Se abriu desde então uma situação traumática, porque o papel de árbitro de Chávez não pode ser desempenhado por nenhuma figura, Nicolás Maduro esteve muito longe desse papel. O equilíbrio das forças baseado em sua forma de governar tinha uma base de instabilidade permanente, pois era claro que o bonapartismo pessoal de Chávez, pela sua natureza, seria um gerador de caos após o seu desaparecimento físico. Estes dois anos que passaram o confirmam plenamente .

Como explicamos em vários artigos, as incertezas que agitam o país ainda sob "transição aberta após a morte de Chávez, em que a fraqueza política do governo de Maduro vem demonstrando desde o momento em que assumiu a presidência, que, ao lado da exaustão econômica do projeto político do governo, é a base de uma crise geral das formas de governo e regime político, tal como se mantiveram até agora.

Ao completar um ano da morte de Chávez, o país viveu momentos de tensão política, onde a polarização que viveu por mais de uma década e meia, novamente tornou-se mais conflituosa. Houve políticas do setor mais “radical” da direita do país, que chamou o povo às ruas promovendo mobilizações de teor "destituinte". buscando não apenas enfraquecer o governo de Maduro, mas buscando diretamente “uma saída”, como defenderam na época seus defensores, Maria Corina Machado e Leopoldo López – seus figuras mais famosas (os dois últimos atualmente presos).

Ao término do segundo ano da morte de Chávez, o país mais uma vez tensiona-se, pois continua se configurando uma situação mais convulsiva do que seria esperado. Desta vez atravessada pela combinação de duas grandes crises: a crise política pelo desaparecimento de Chavez da vida política nacional, marcando o início da transição para o pós-chavismo; e forte crise econômica em curso. É por isso que toda a tensão atual não é um acaso, pois desenvolve, mal desaparece da cena Chávez e também quando ressurgem os graves problemas da economia, o governo está sendo novamente cercado pela direita e pelo imperialismo com uma "transição não gradual" do pós-chavismo como temos afirmado. E nesse cenário a situação imperante, as movimentações da direita e a reação do governo se inscrevem.

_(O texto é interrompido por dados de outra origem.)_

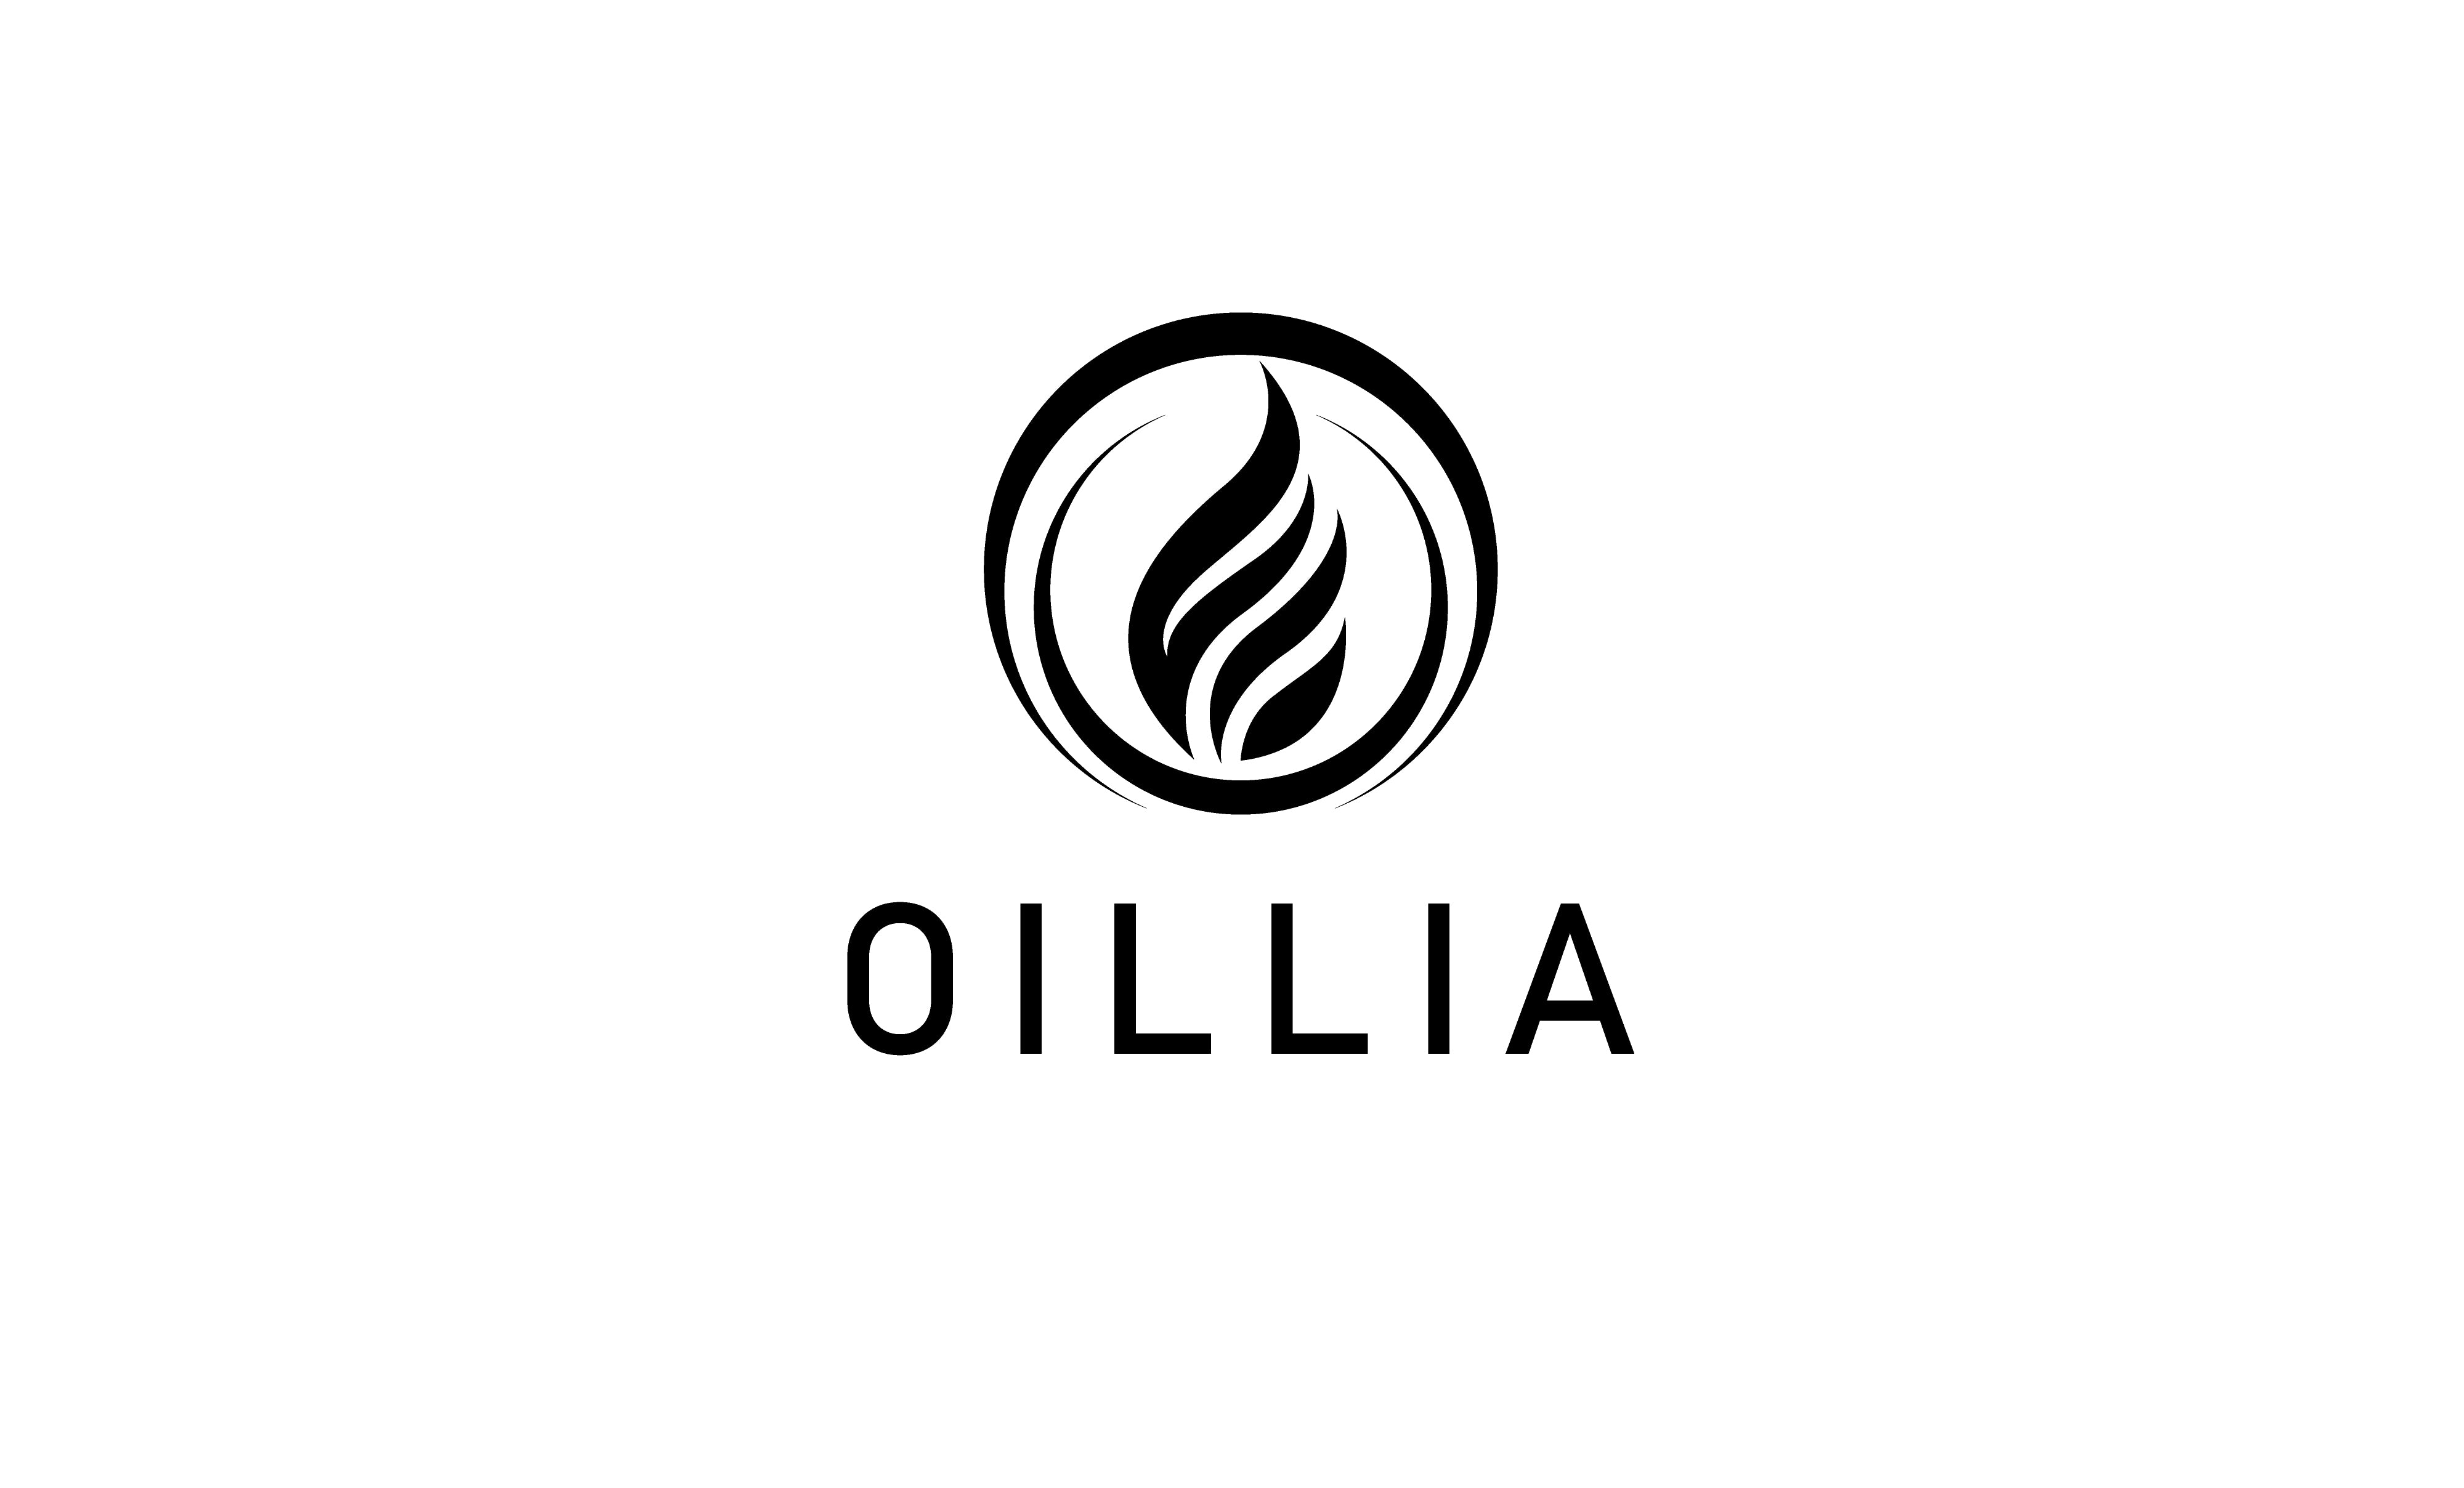 Oillia limited

A classe trabalhadora continua sendo a grande ausente

Mas o grande ausente entre as grandes tensões políticas nacionais continua sendo a classe trabalhadora junto aos setores explorados, atuando de forma independente e com as suas próprias demandas. A a questão-chave agora é sobre a necessidade de pôr em marcha essa poderosa força social lutando por uma saída própria, com suas próprias organizações, e com independência de classe contra os dois projetos dominantes: o da oposição direitista da MUD e o do chavismo, liderada pelo governo de Maduro. Esta é a única forma de evitar que continuem recebendo em suas costas a crise econômica, bem como evitar que a crise atual do chavismo seja capitalizada pela direita e pelo imperialismo.